**Your goal**
The lines to repeat are those below from the one containing "Snow-covered trees in" down to the one containing "Le High Flare dark blue jeans", both included; reproduce them exactly and nothing else.

**Data to use**
Start of Block
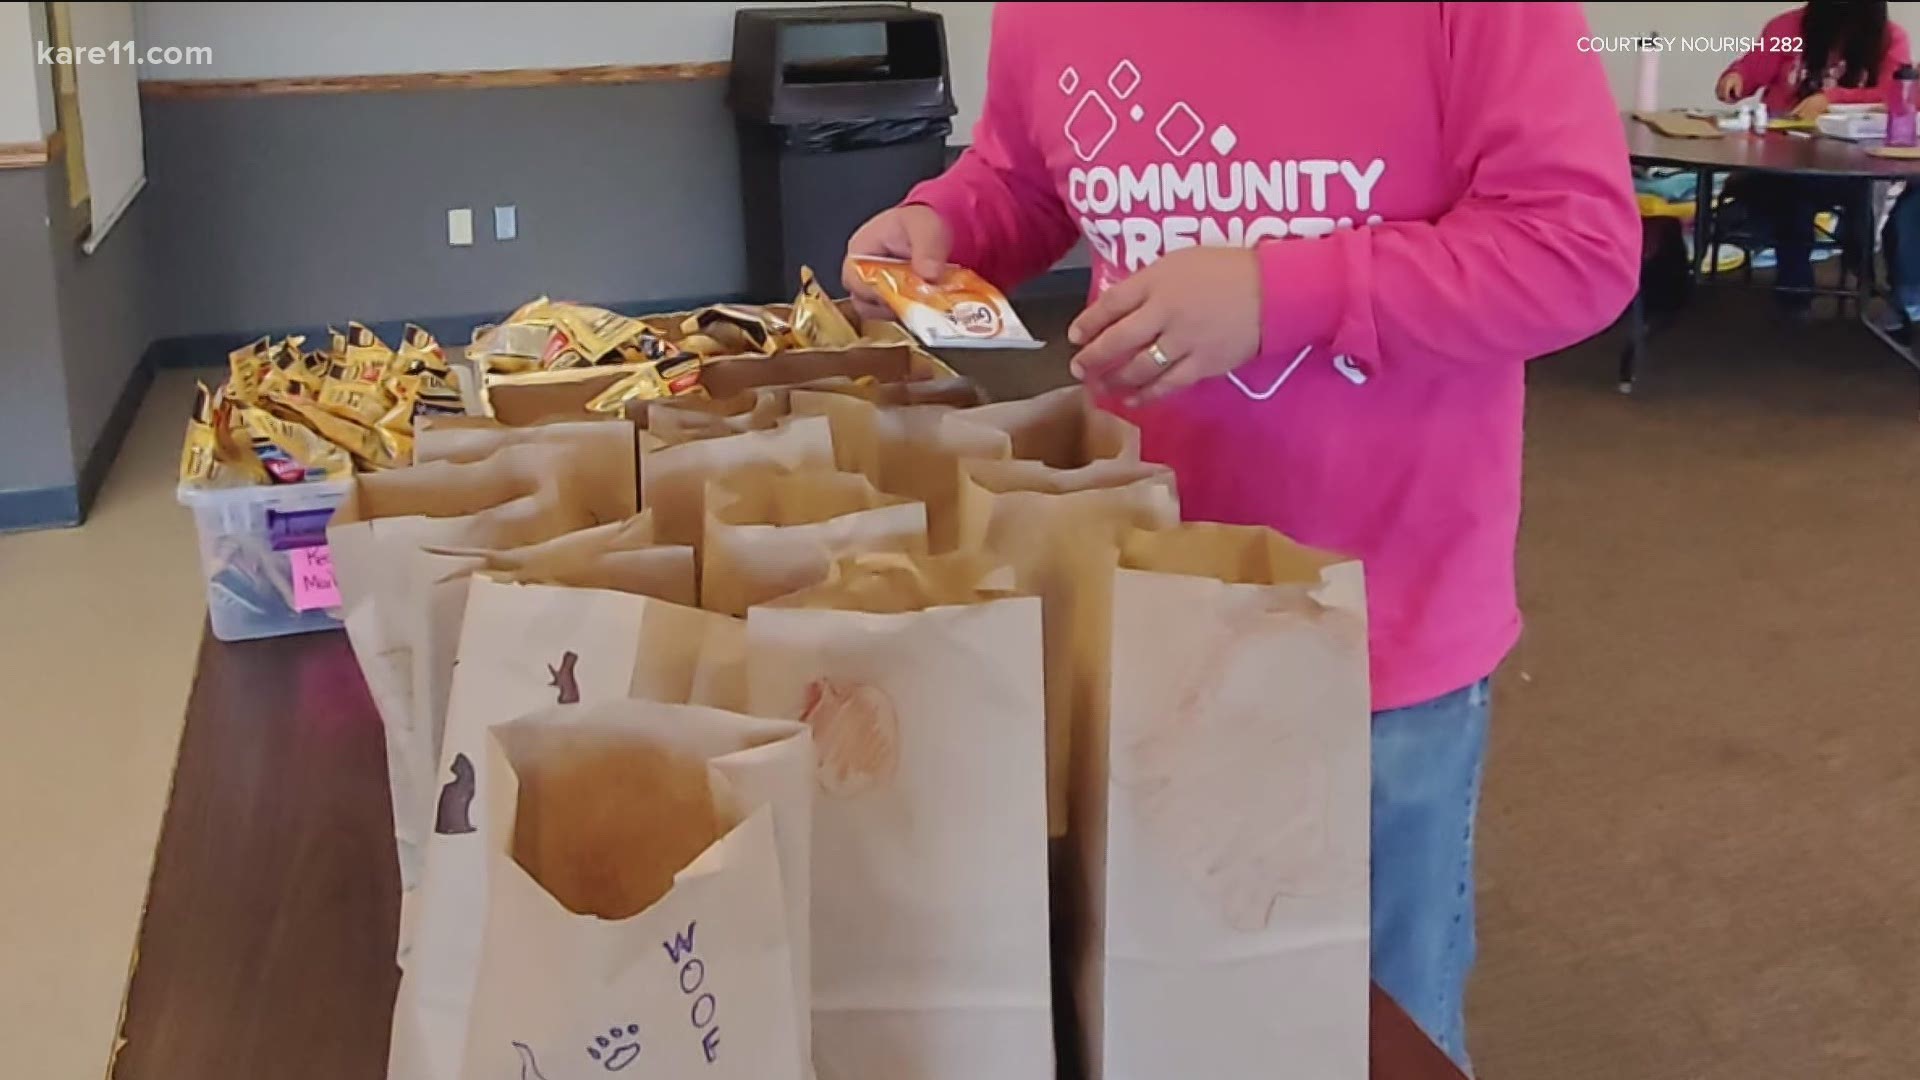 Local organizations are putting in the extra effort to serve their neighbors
End of Block
Start of Block
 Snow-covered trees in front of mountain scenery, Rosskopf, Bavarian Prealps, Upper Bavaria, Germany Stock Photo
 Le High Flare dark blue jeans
End of Block
**Exercise output**
 Snow-covered trees in front of mountain scenery, Rosskopf, Bavarian Prealps, Upper Bavaria, Germany Stock Photo
 Le High Flare dark blue jeans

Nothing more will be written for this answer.